19. The ejector lever locking mechanism system of claim 18, wherein
the lock pin includes: a third portion having a tapered face
directly contacting a contact edge defined where the lever body
aperture meets the recessed wall; and a fourth portion oriented
parallel to the first portion and having a contact face contacting
the recessed wall in the engaged position.
20. The ejector lever locking mechanism system of claim 18, wherein
the lock pin includes: a third portion having a tapered face
angularly oriented with respect to the first portion; a fourth
portion oriented parallel to the first portion and having a contact
face contacting the recessed wall in the engaged position; and a
fifth portion oriented parallel to the second portion.

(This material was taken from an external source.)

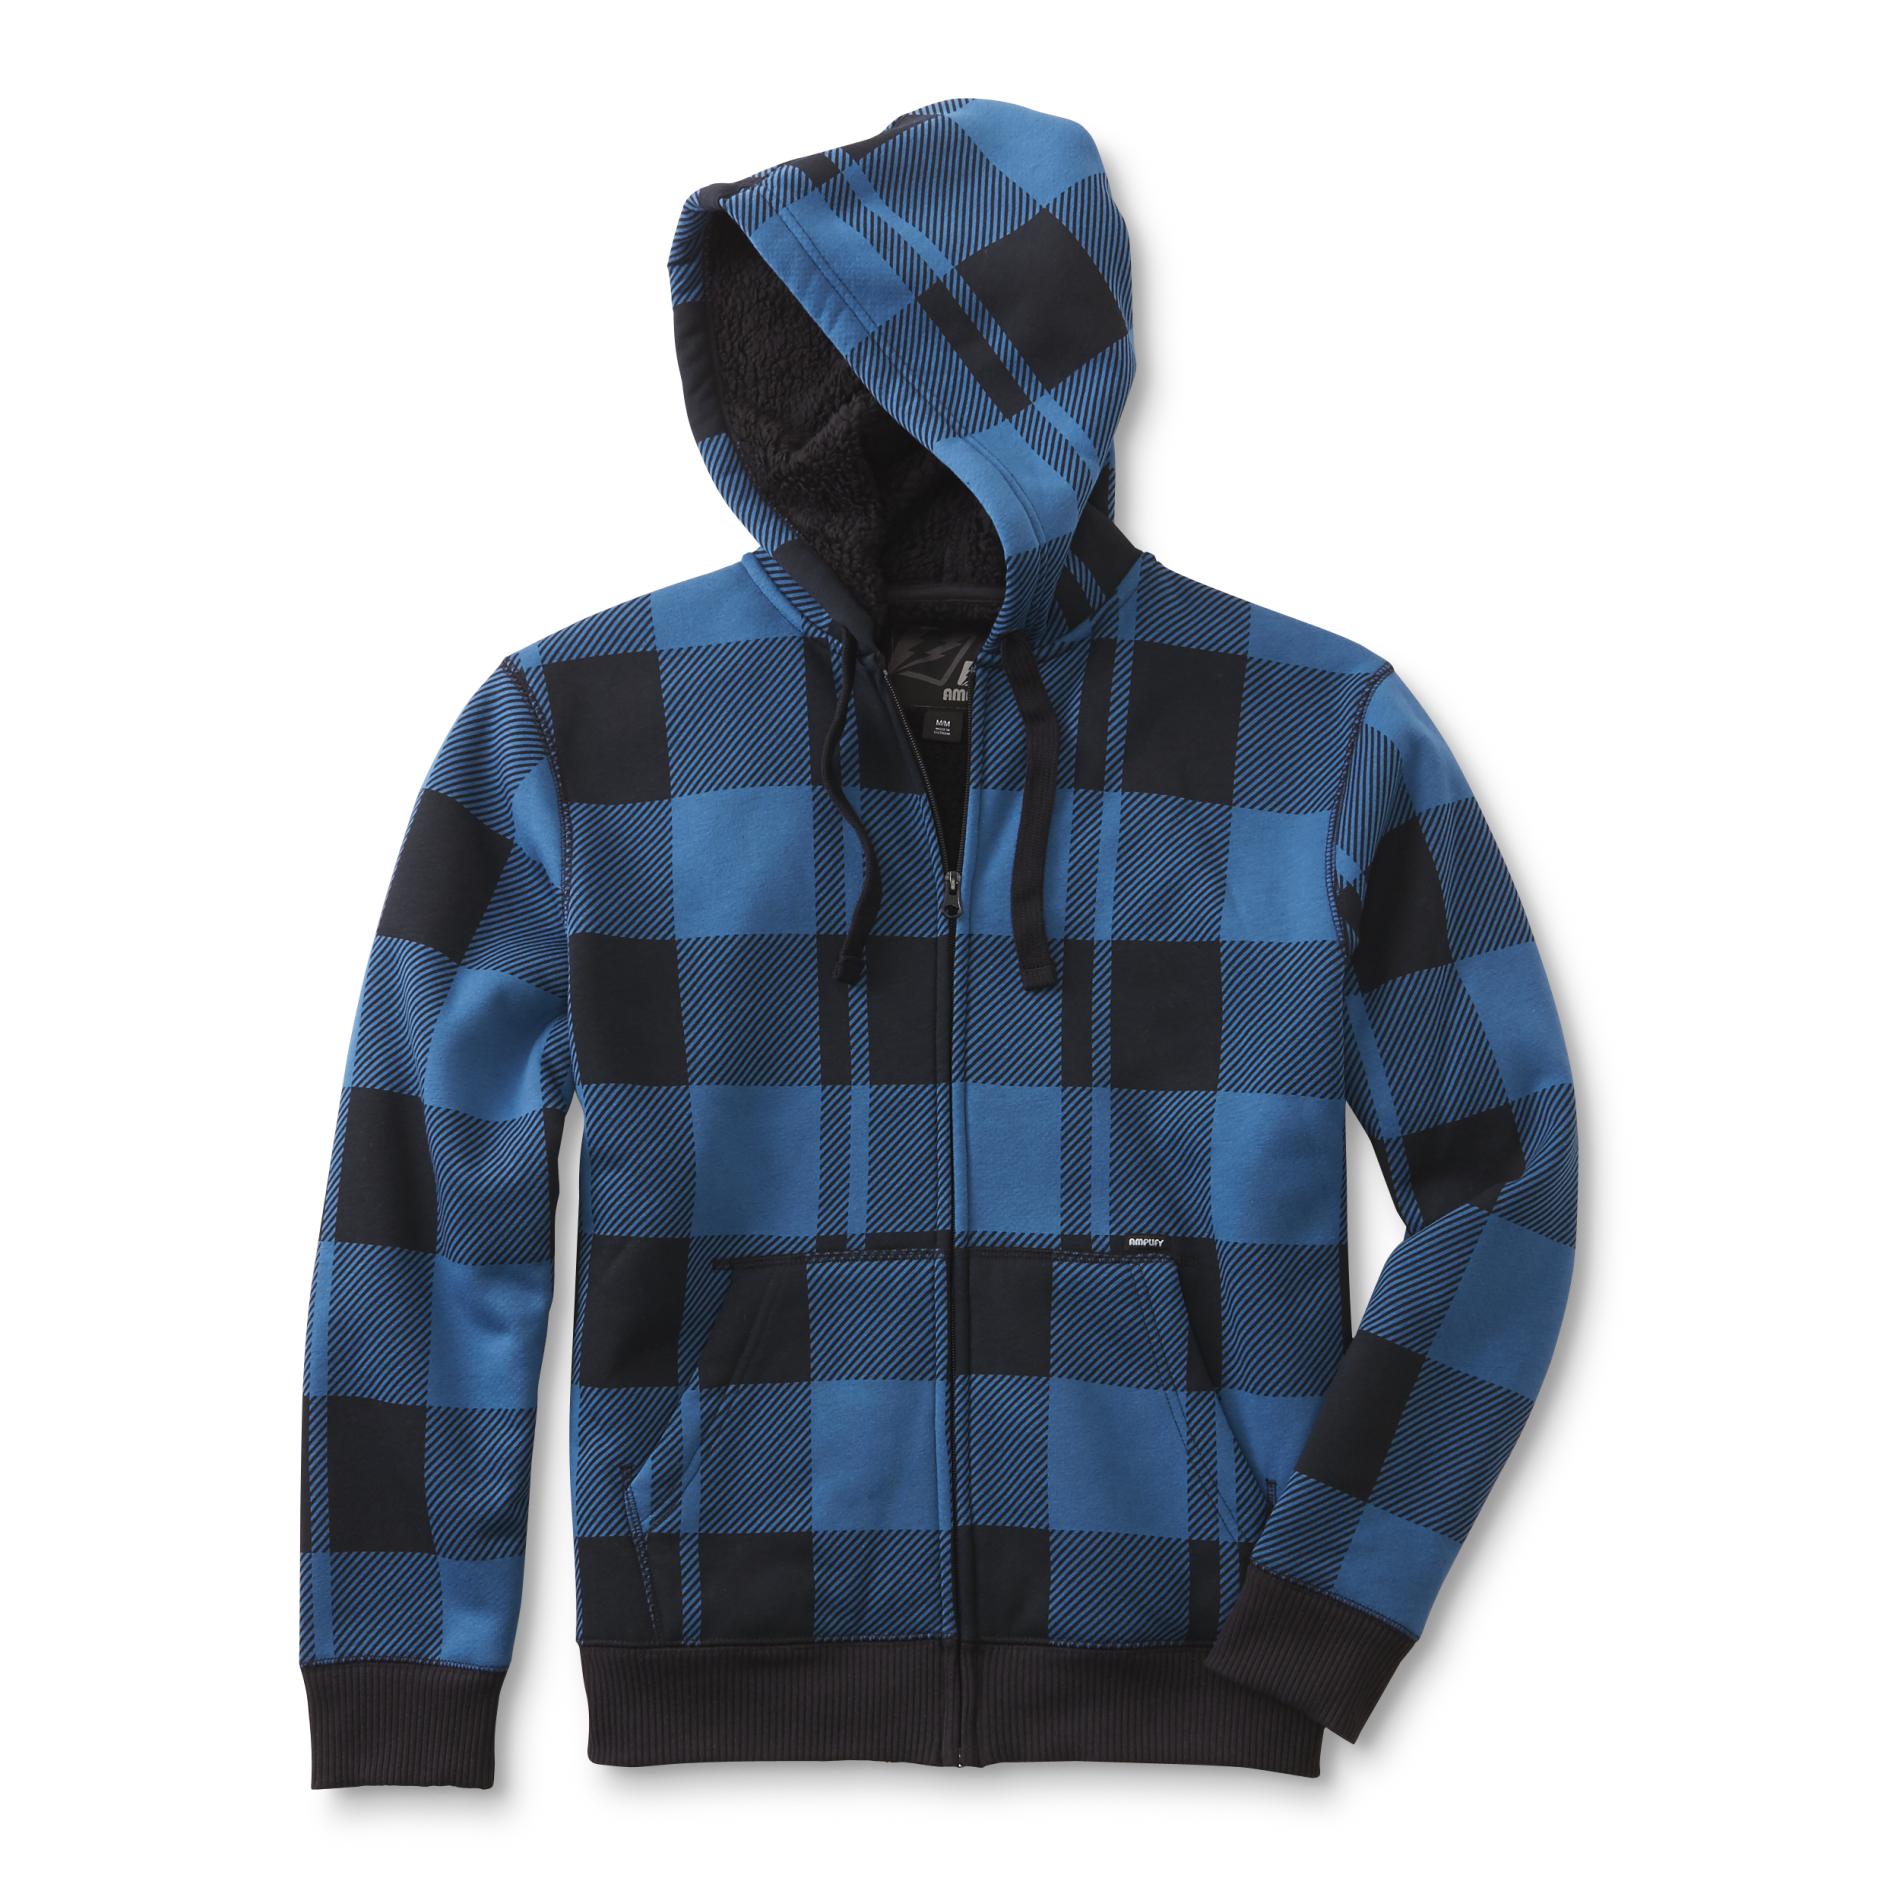 Amplify Young Men's Hoodie Jacket - Plaid

21. The ejector lever locking mechanism system of claim 18, wherein
the lock pin includes a constant body thickness throughout both the
first and second portions.
22. The ejector lever locking mechanism system of claim 18, wherein
the lock pin includes a third portion oriented co-planar to the
first portion, both the first and third portions being fixed to the
module body oppositely about the heat frame aperture.
Description
FIELD
[0001] The present disclosure relates to conduction cooled circuit
board assemblies.
BACKGROUND
[0002] This section provides background information related to the
present disclosure which is not necessarily prior art.

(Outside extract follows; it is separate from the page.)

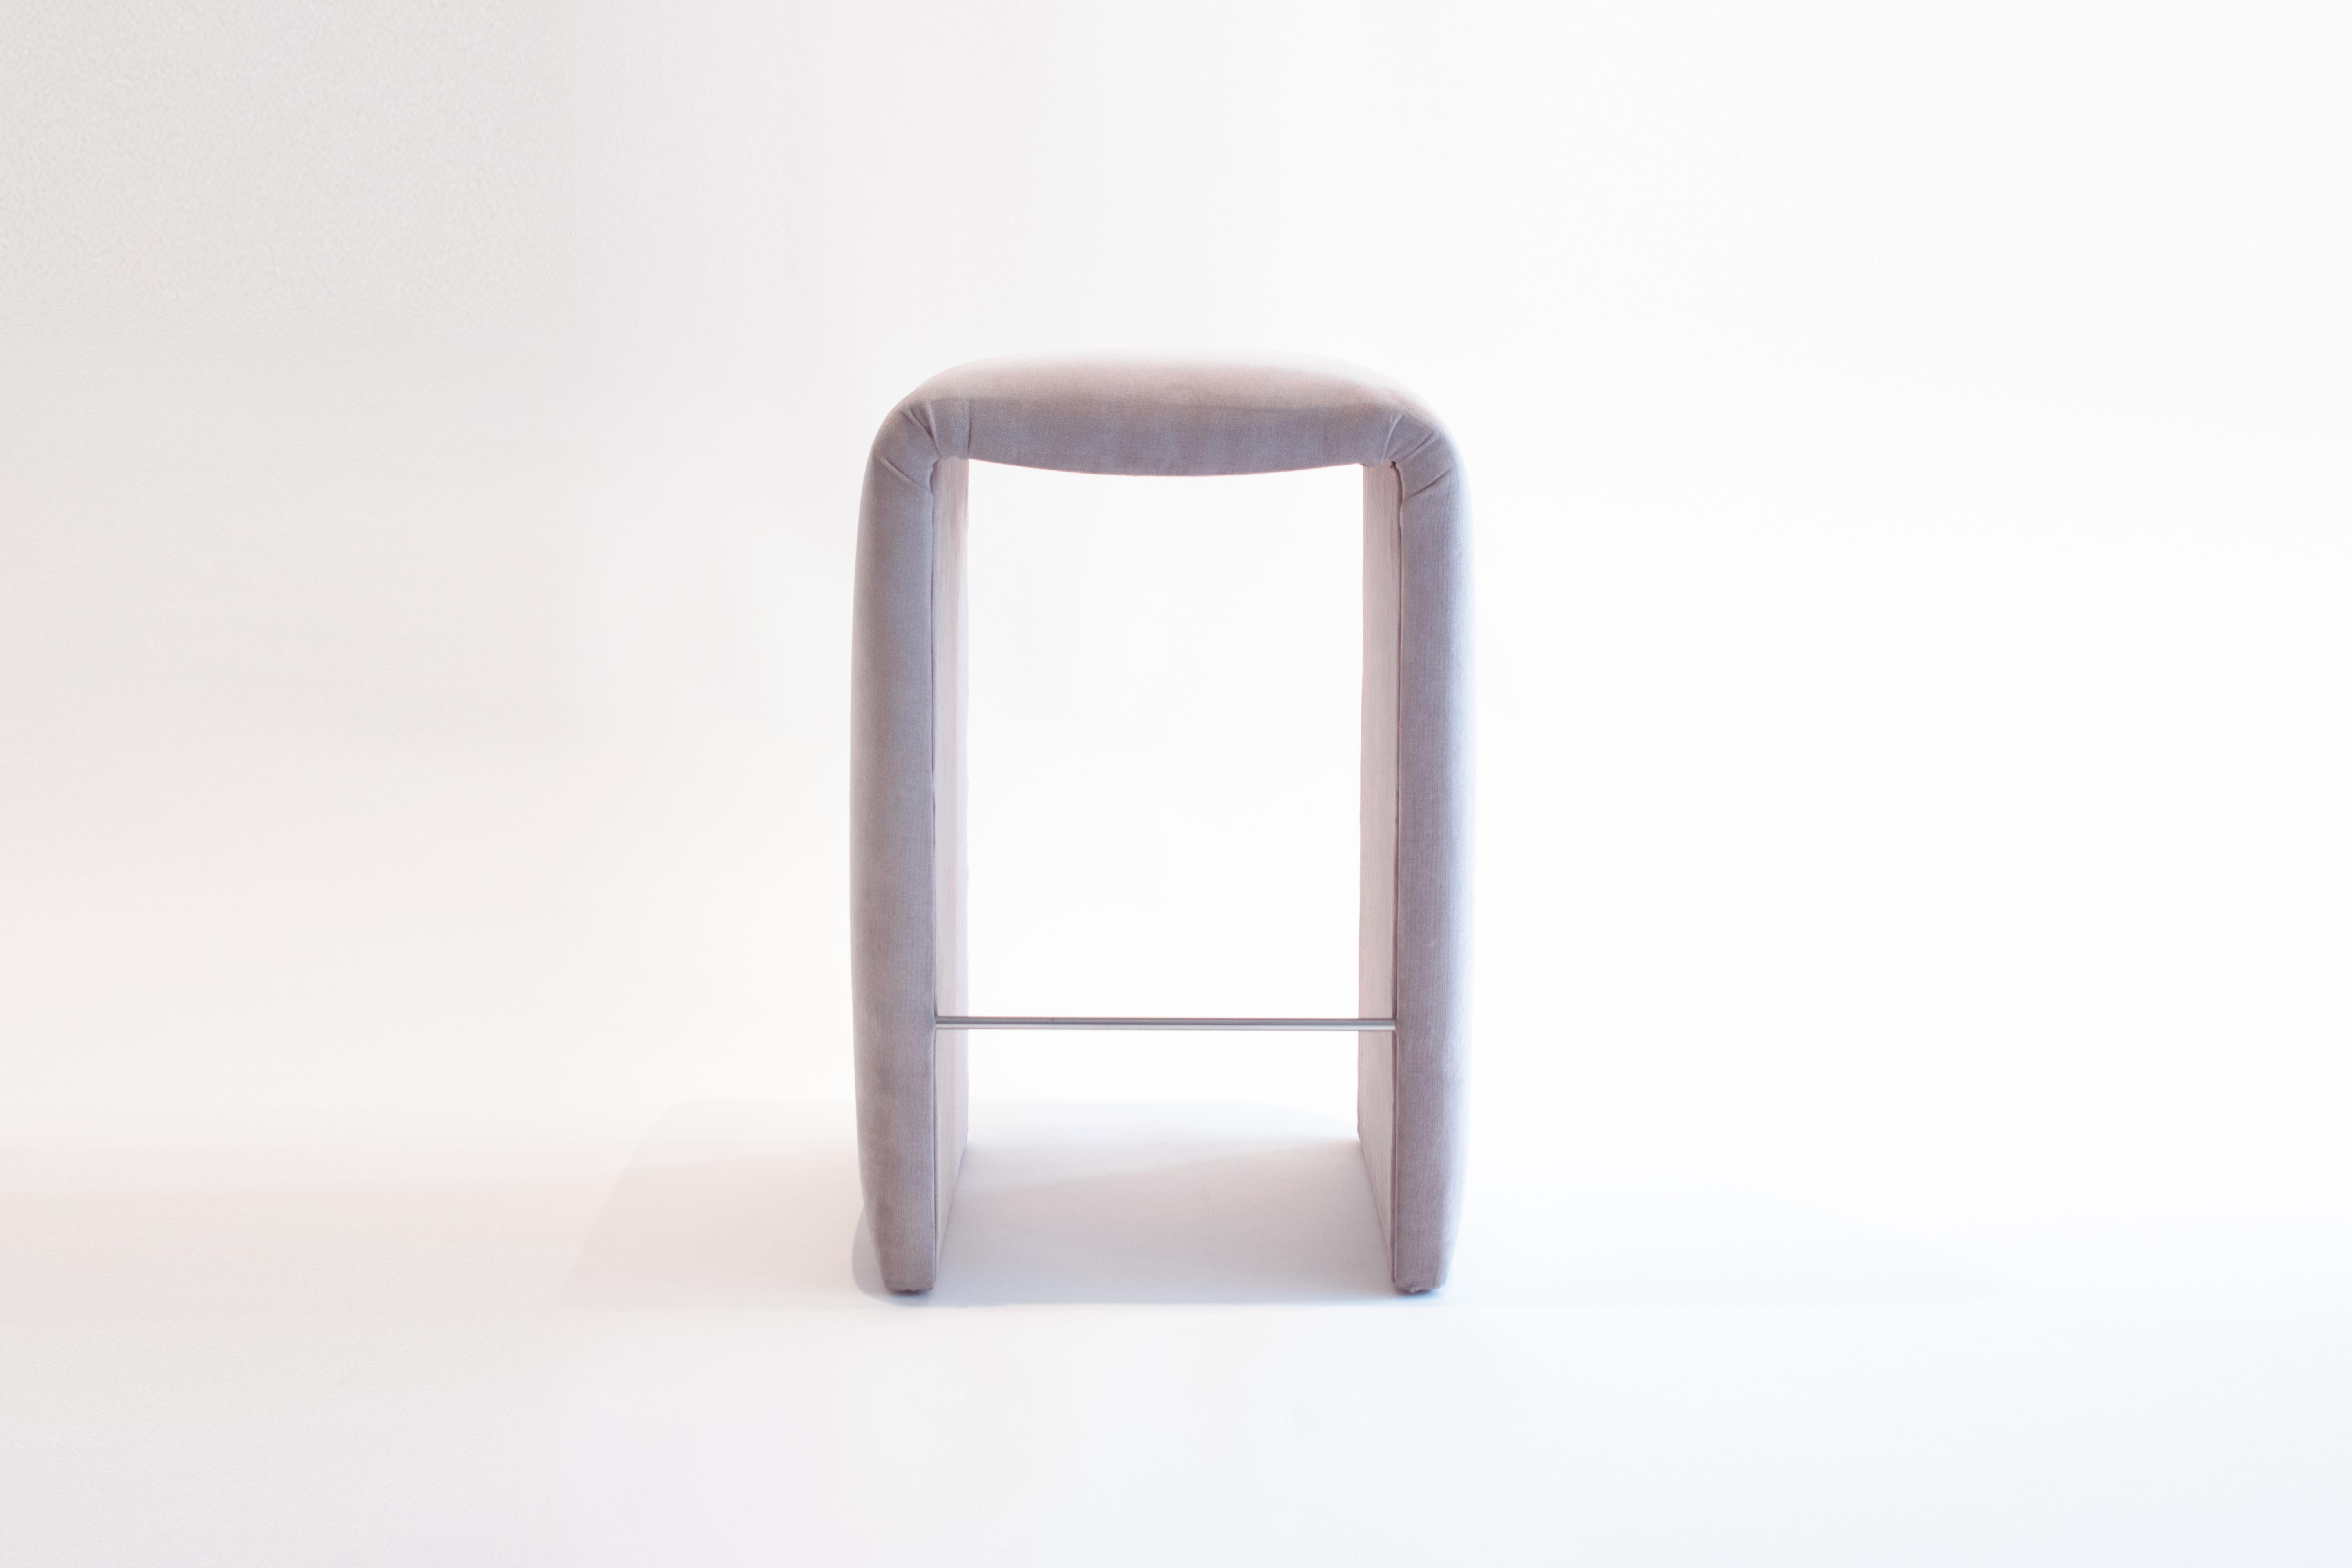 This seat piece follows the pulpiness found in the materiality of the series by introducing a continuous gently curved volume. Used as a high stool, the profile is softly recessed in the middle to form an ergonomic seating surface. Comfortable but

[0003] Conduction cooled circuit board assemblies have a heat frame
that encompasses components positioned within the assembly. Ejector
mechanisms are provided to open and access the enclosed components.

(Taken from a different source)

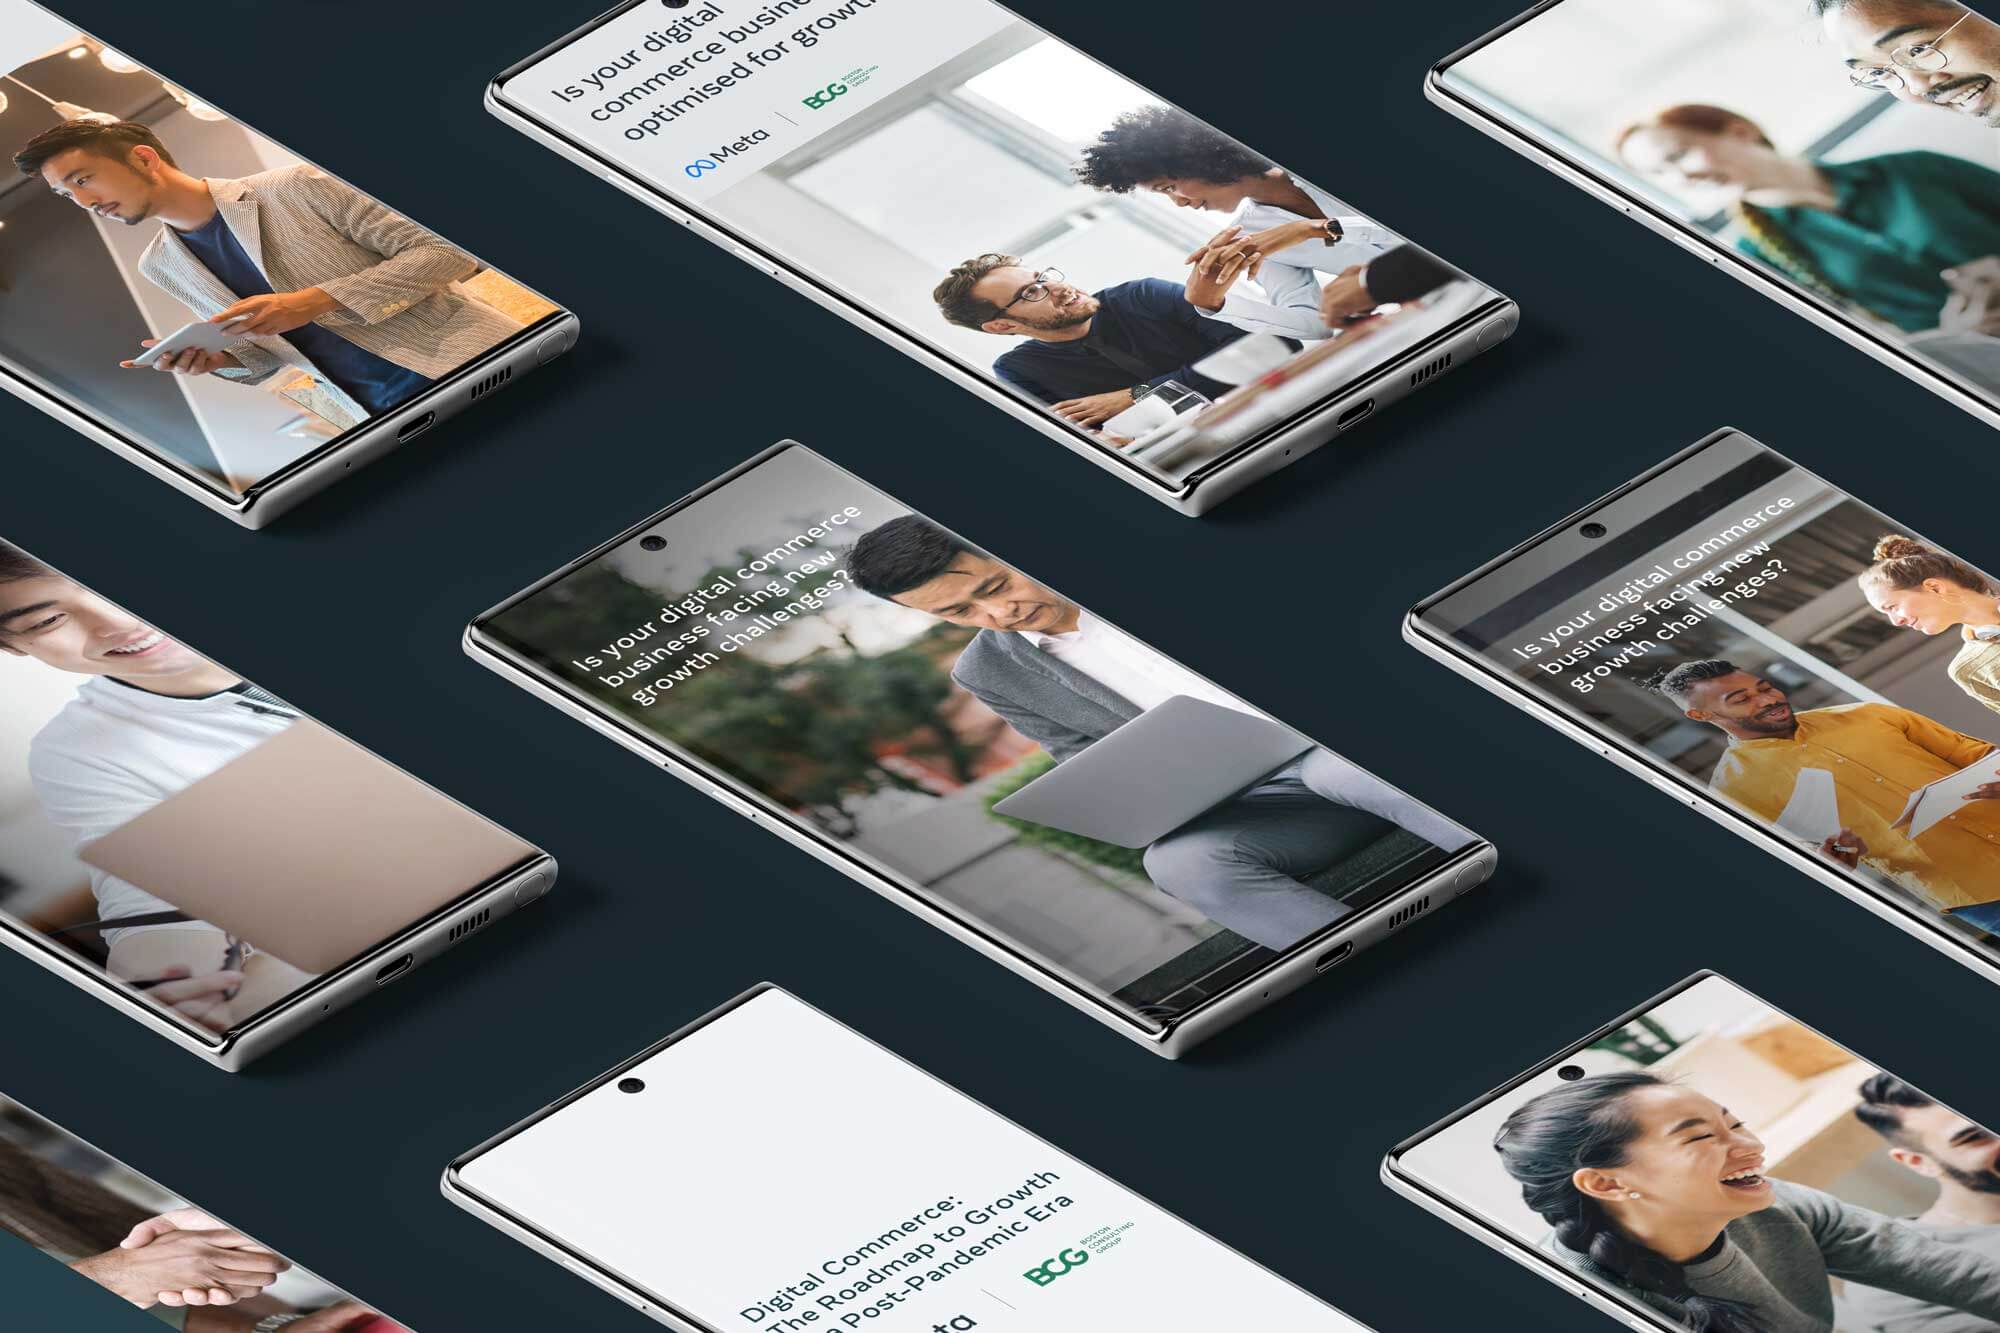 Meta x BCG | Digital Commerce: The Roadmap to Growth in a Post-Pandemic Era advertisements and Instagram stories visualised on multiple mobile devices

Common ejector mechanism designs are subject to noise, specifically
noise that is generated due to mechanism rattling induced as the
circuit board assembly is subjected to vibration in its operating
environment. As the vibration increases over time due to wear, the
ejector mechanism may loosen and/or fail.
SUMMARY
[0004] This section provides a general summary of the disclosure,
and is not a comprehensive disclosure of its full scope or all of
its features.
[0005] According to several aspects, an ejector lever locking
mechanism is rotatably connected to a heat frame of a circuit board
assembly. The ejector lever locking mechanism includes a lever body
rotatably connected to the heat frame using a connecting pin
rotatably received in the lever body. The lever body includes a
recessed wall created in a lever body elongated slot. The elongated
slot extends only partially through a body thickness of the lever
body. The recessed wall is positioned proximate to a lever body
aperture defining a through aperture extending through the lever
body including the elongated slot. A lock pin is fixed to a module
body and extends through the lever body aperture in a lever body
engaged position. The lock pin has an engagement member overlapping
the recessed wall defining the lever body engaged position,
releasably connecting the circuit board assembly to an electronics
cabinet.
[0006] According to other aspects, an ejector lever locking
mechanism is rotatably connected to a heat frame of a circuit board
assembly and releasably engaged to a module body. The lever body
includes a recessed wall created in a lever body elongated slot.
The elongated slot extends only partially through a body thickness
of the lever body. The recessed wall is positioned proximate to a
lever body aperture defining a through aperture extending through
the lever body including the elongated slot. A lock pin has a first
portion fixed to a module body and a second portion extending
through the lever body aperture. The second portion has an
engagement member overlapping the recessed wall defining a lever
body engaged position acting to releasably connect the heat frame
and the circuit board assembly to an electronics cabinet.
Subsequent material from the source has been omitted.